Dataset class returns the data twice

hello everyone, I was trying to test my concatenated model on some unlabeled data so it should go over each data in a directory and label it then go to the next, and so on. however, the data seems to be returned twice so it gives me a wrong tensor shape, and also it returns an empty array for the second data. here is the code i am using:

class Hfdata(Dataset):
    def __init__(self, data_dir, file_name):
        self.data_dir = data_dir
        self.file_name = file_name
        with h5py.File(f"{data_dir}/{file_name}", "r") as f:
            self.data = f["data"][:]

    def __len__(self):
        return len(self.data)

    def __getitem__(self, idx):
        x = self.data[idx]
        print(x.shape)
        return x
folder_path_sp = 'test_data'
file_list_sp = glob.glob(os.path.join(folder_path_sp, '*.h5'))
folder_path_tm = 'test_data_tm'
file_list_tm = glob.glob(os.path.join(folder_path_tm, '*.h5'))
model = Ensemble(ModelA(), ModelB())
model.load_state_dict(torch.load('Ensamble_model.pt'))

# predict on the new data
model.eval()
predictions = []
for file_path_sp, file_path_tm in zip(file_list_sp, file_list_tm):
    file_name_sp = os.path.basename(file_path_sp)
    file_name_tm = os.path.basename(file_path_tm)
    print(f"Prediction on {file_name_sp} and {file_name_tm}")
    dataset_sp_p = Hfdata(folder_path_sp, file_name_sp)
    dataloader_sp_p = DataLoader(dataset_sp_p, batch_size=batch_size, shuffle=False)
    dataset_tm_p = Hfdata(folder_path_tm, file_name_tm)
    dataloader_tm_p = DataLoader(dataset_tm_p, batch_size=batch_size, shuffle=False)
    for i, ((data_sp), (data_tm)) in enumerate(zip(dataloader_sp_p, dataloader_tm_p)):
        # prepare the data
        print(data_sp.shape)
        data_sp = data_sp.permute(0, 4, 1,2, 3)
        data_sp = data_sp.float()
        print(data_tm.shape)
        data_tm = data_tm.view(-1, 1, 609).float()

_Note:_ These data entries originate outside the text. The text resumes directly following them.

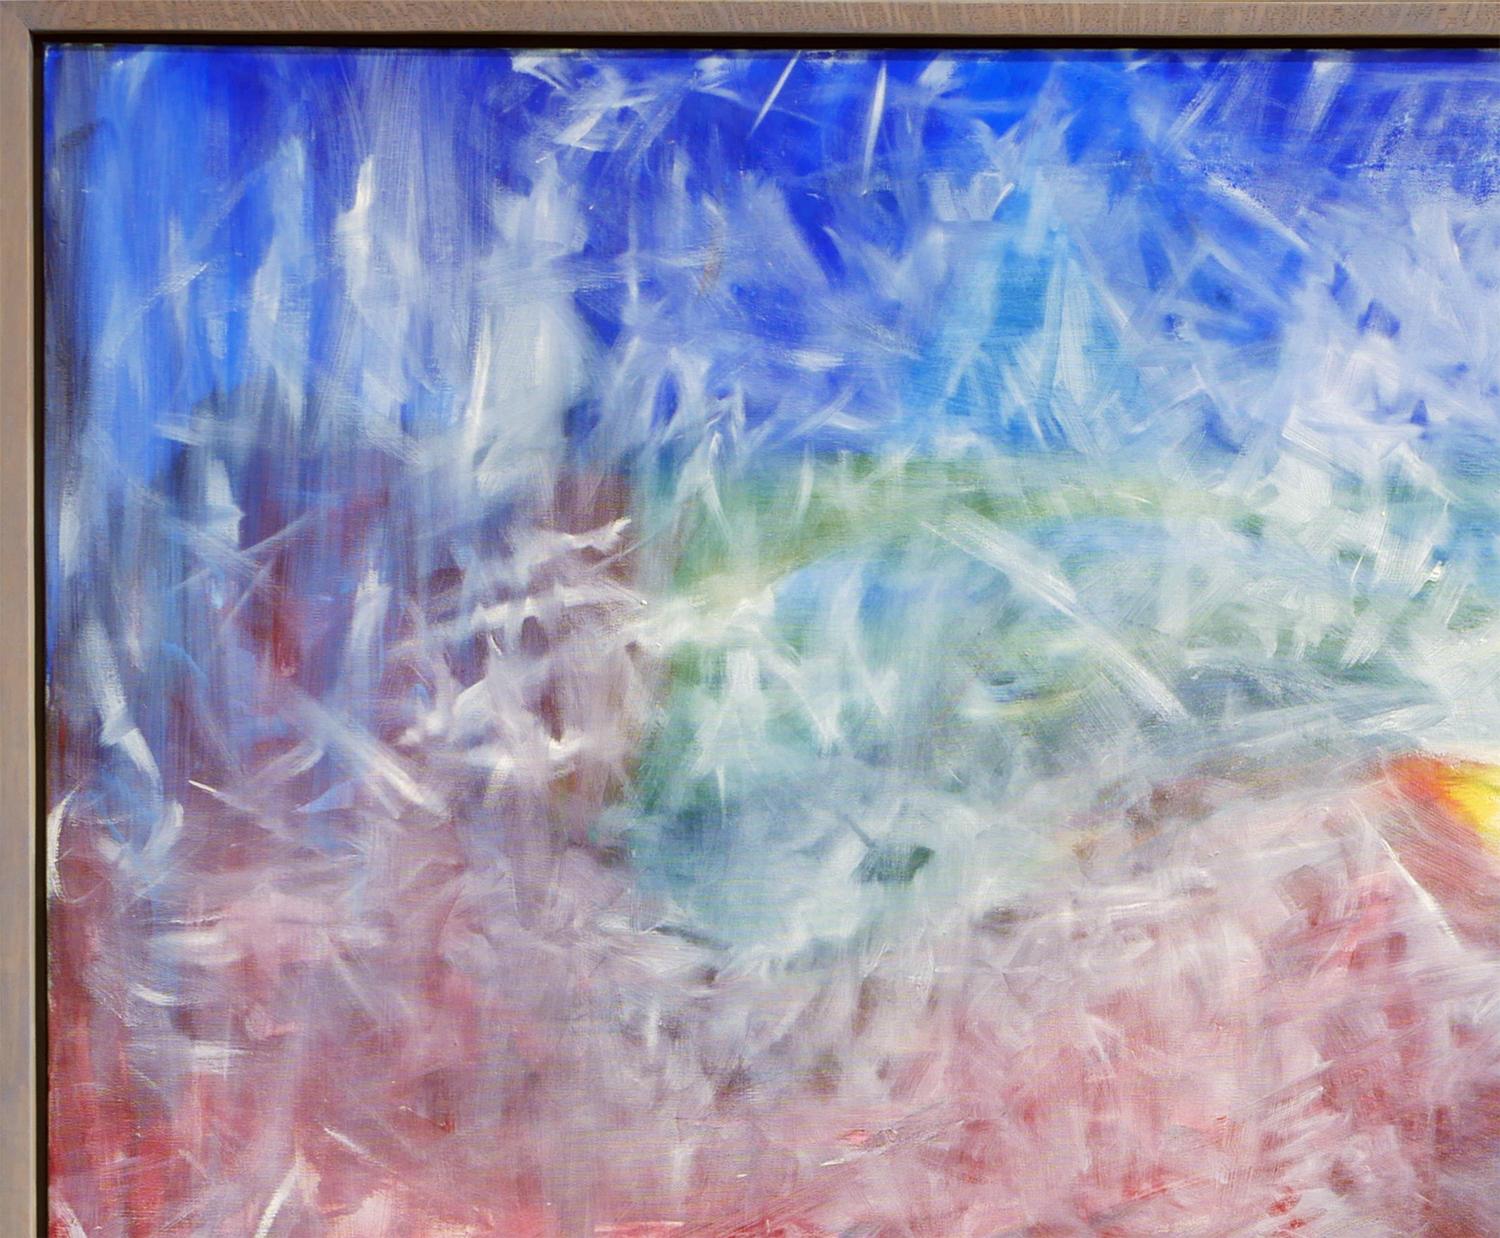 Peinture expressionniste abstraite bleue, rouge et verte avec éléments géométriques - Expressionnisme abstrait Painting par John Calaway
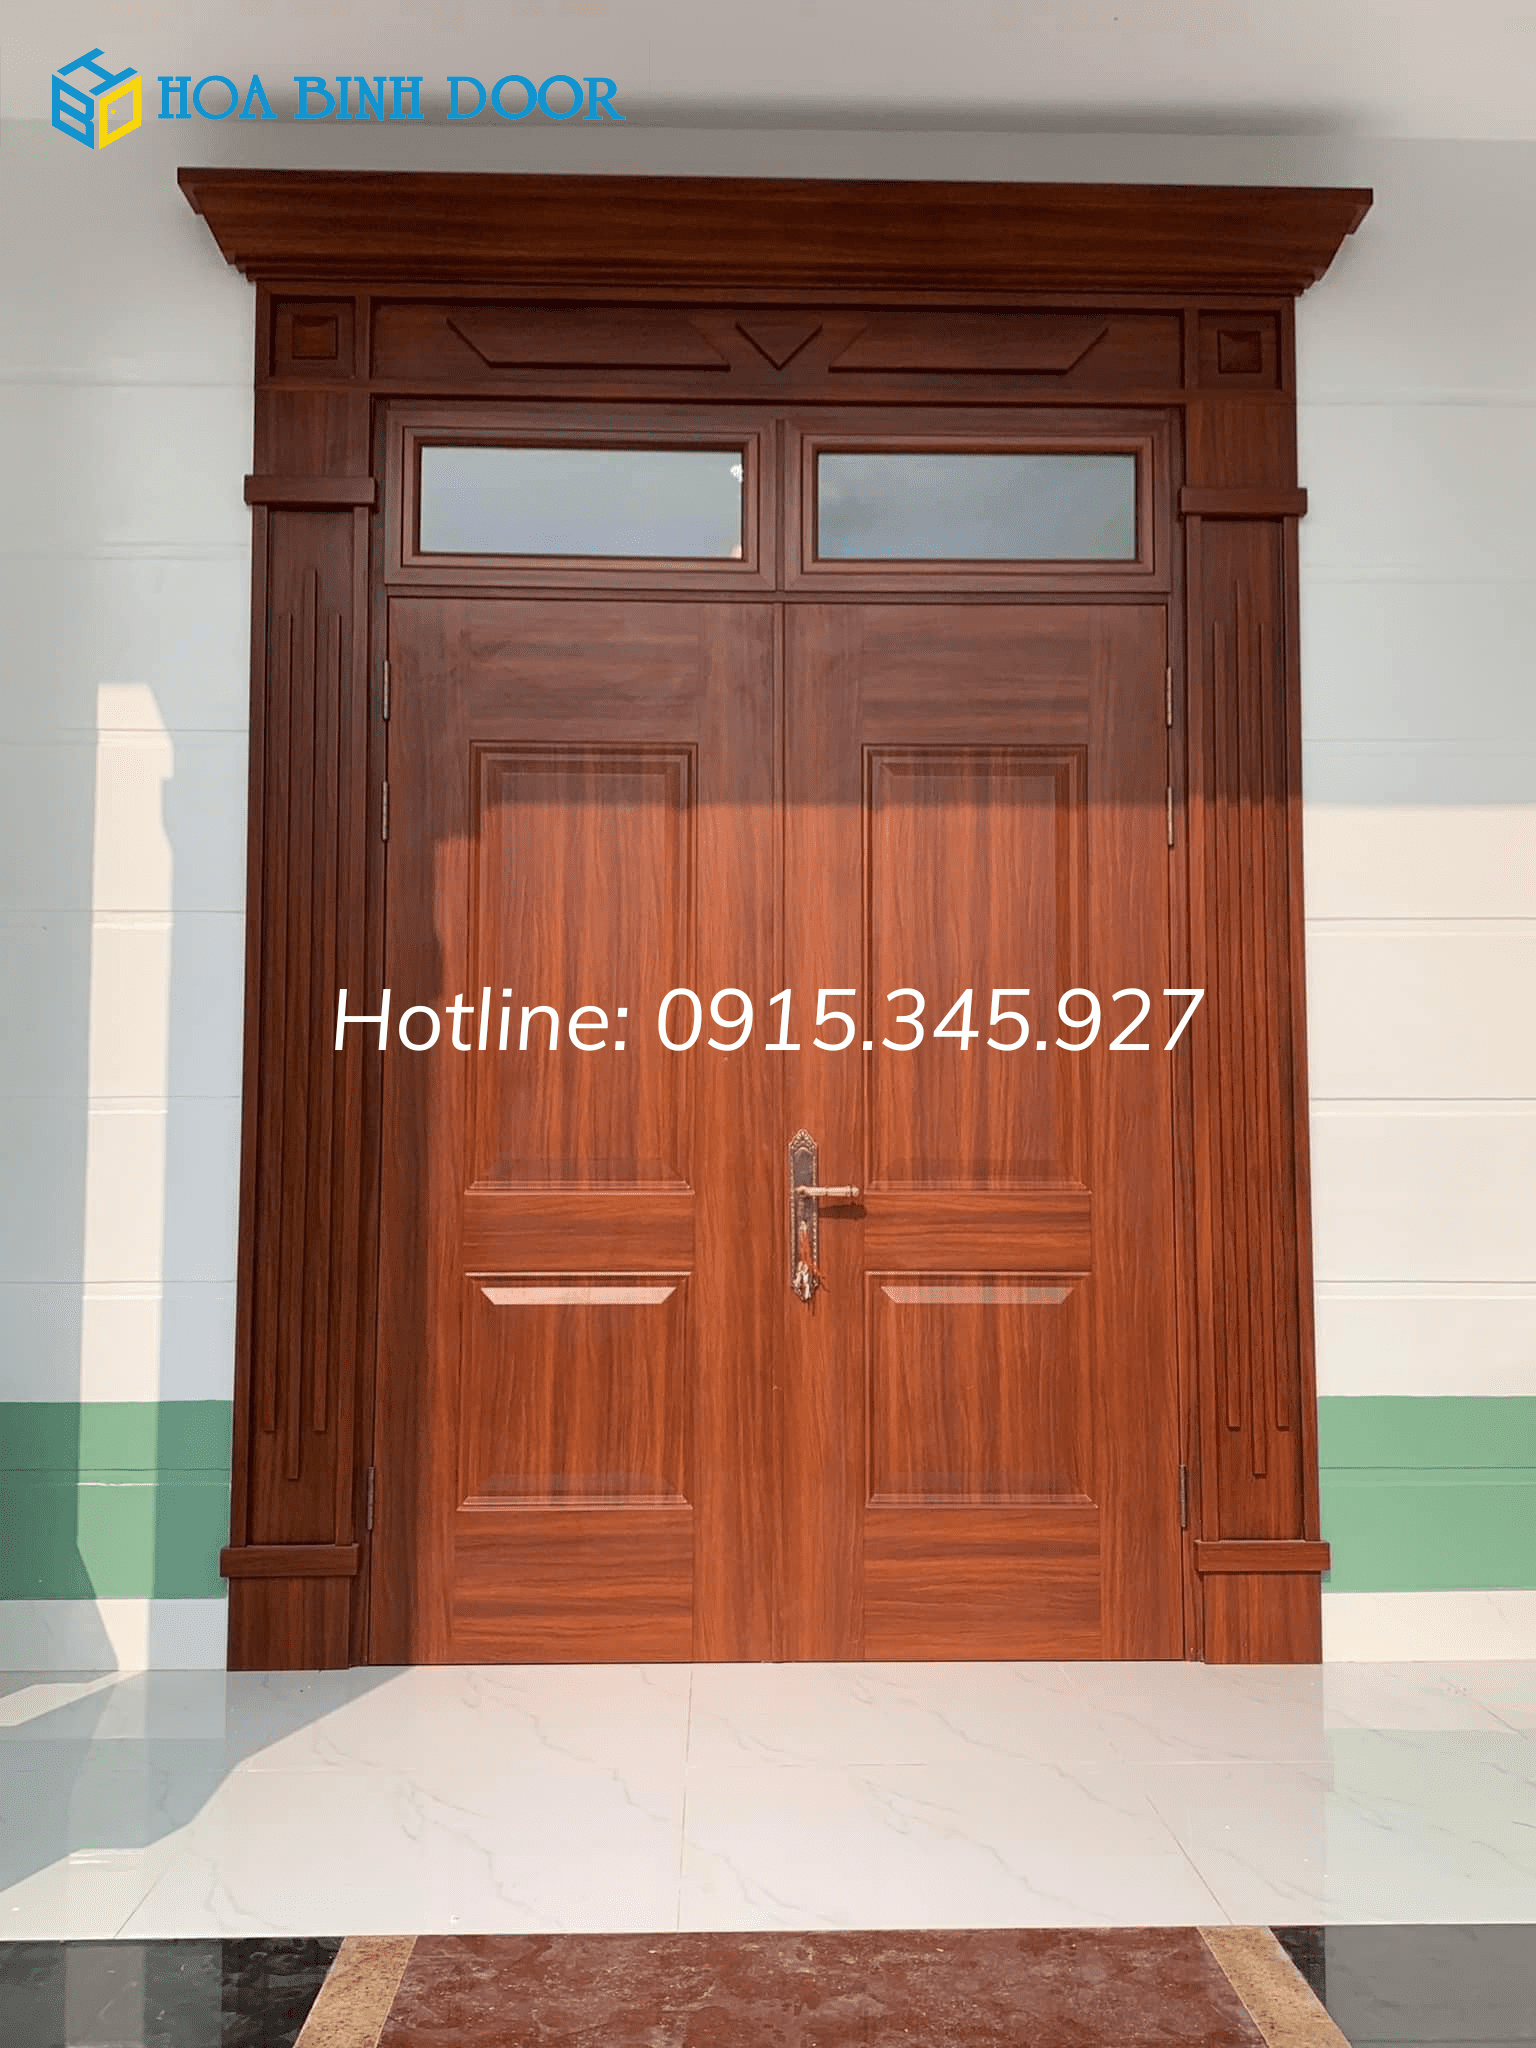 Hotline-0915.345.927-3-1.png
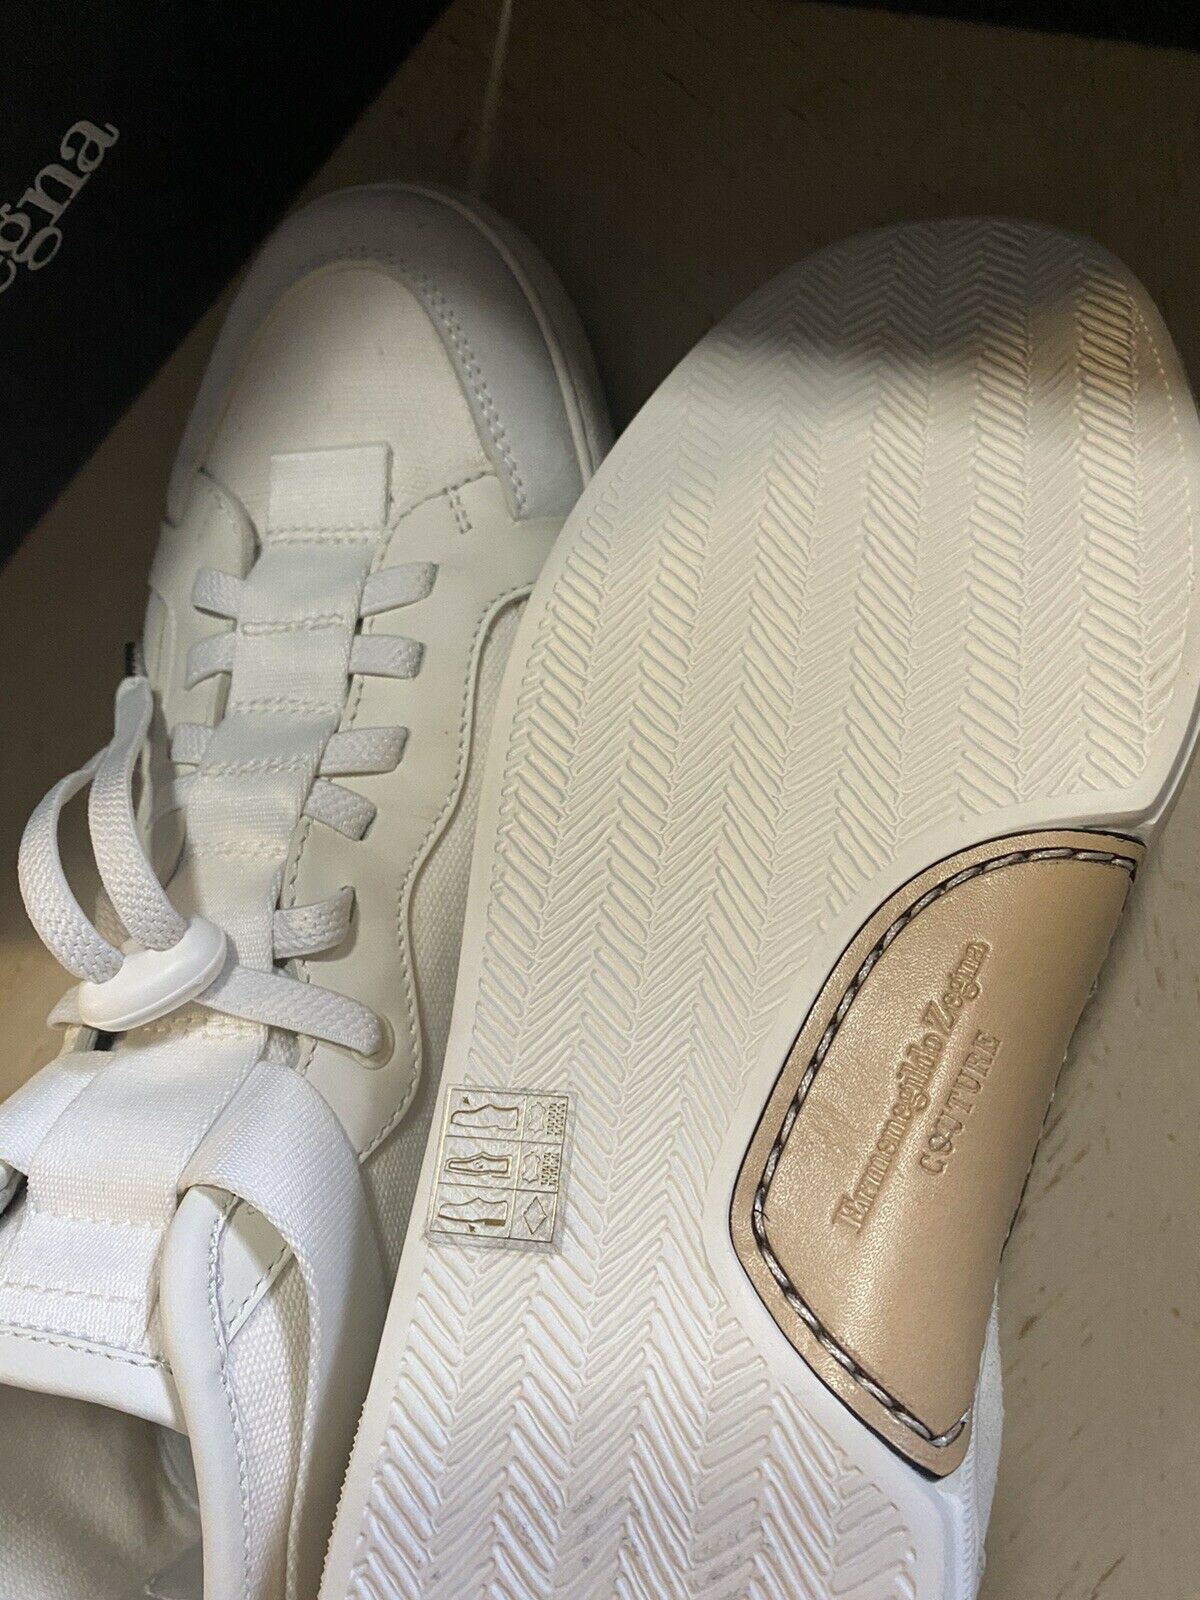 Neue $795 Ermenegildo Zegna Couture High Top Sneakers Schuhe Weiß/Grau 8 US Italien
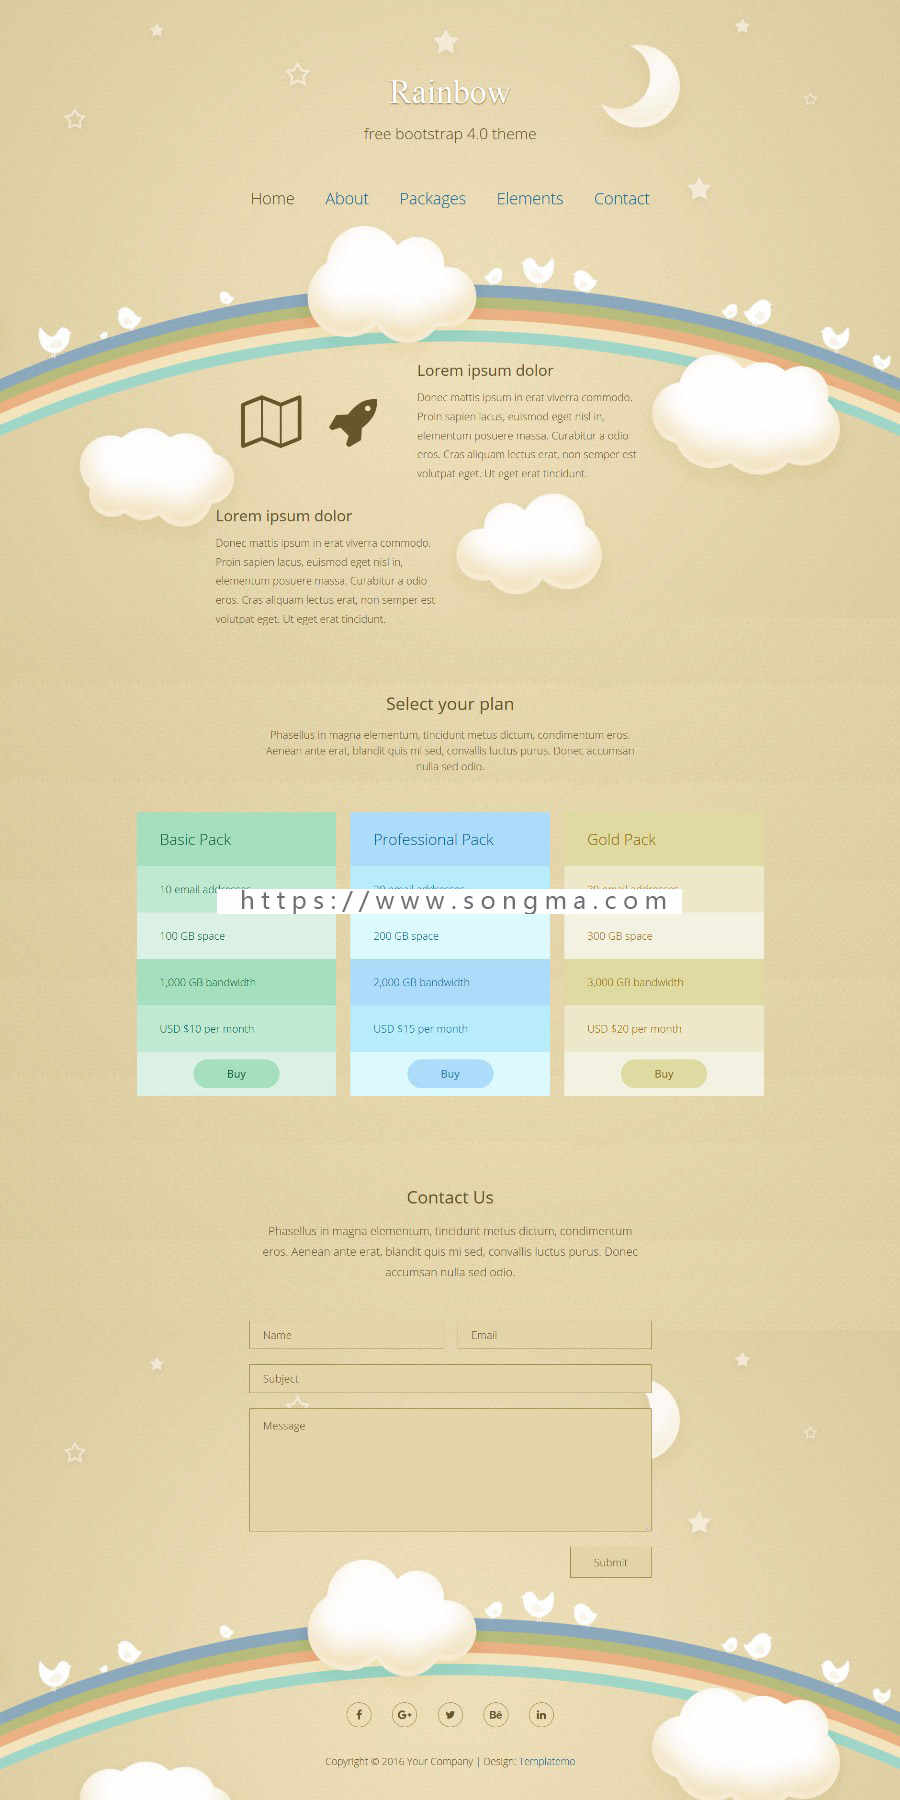 html网页源码 大学生网页设计制作成品 dw作业素材 英文网页模板

        # pass the data through the model
        with torch.no_grad():
            outputs = model(data_sp, data_tm)

        # obtain the predicted labels from the predicted outputs
        _, predicted_labels = torch.max(outputs.data, 1)

        # append the predicted labels to the list of predictions
        predictions.append(predicted_labels)
        print(predicted_labels)

# print the predictions
print(predictions)

and this is just print the following:
(79, 95, 79, 1)
(79, 95, 79, 1)
()
()
torch.Size([2, 79, 95, 79, 1])
torch. Size([2])

so, my you please help me with that issue?
many thanks in advance.

I don’t fully understand the issue since I would assume a RuntimeError would be raised if an empty tensor is processed in the model.
Could you explain your use case a bit more and which shapes are expected where?

yes, so normally I have some 3D data and another 1D data (they actually form the same source (4D data) but they are separated and was using in two different models (3D and 1D) then they were concatenated into one model (Ensamble model) and was trained and evaluated and this all works fine. then for testing i wanted this ensemble model to label those data but taking into account 1 data at a time (so 3D +1D then give me the label). but here in the code I provided, from the print statement in the getitem it seems to return duplicated data. the 3D data ((79, 95, 79, 1)
(79, 95, 79, 1)), and also the 1D data but it returns as empty(()
()) so indeed i have an empty tensor for this 1D data which should be torch. Size([1, 1, 609]) and the 3D data should be torch.Size([1, 1, 79, 95, 79]).
I hope this elaborates it a bit.

I have managed to solve it by updating the class Hfdata as follows:

class Hfdata(torch.utils.data.Dataset):
    def __init__(self, data_dir, file_name):
        self.data_dir = data_dir
        self.file_name = file_name
        self.data = []
        with h5py.File(f"{data_dir}/{file_name}", "r") as f:
            self.data.append(f["data"][:])
        #print(f"Number of data samples in {file_name}: {len(self.data)}")

        #print(f'length: {len(self.data)}')

    def __len__(self):
        return len(self.data)

    def __getitem__(self, idx):
        x = self.data[idx]
        #print(f"shape: {x.shape}")
        return x

so now I am getting the correct shape of the data and the tensor.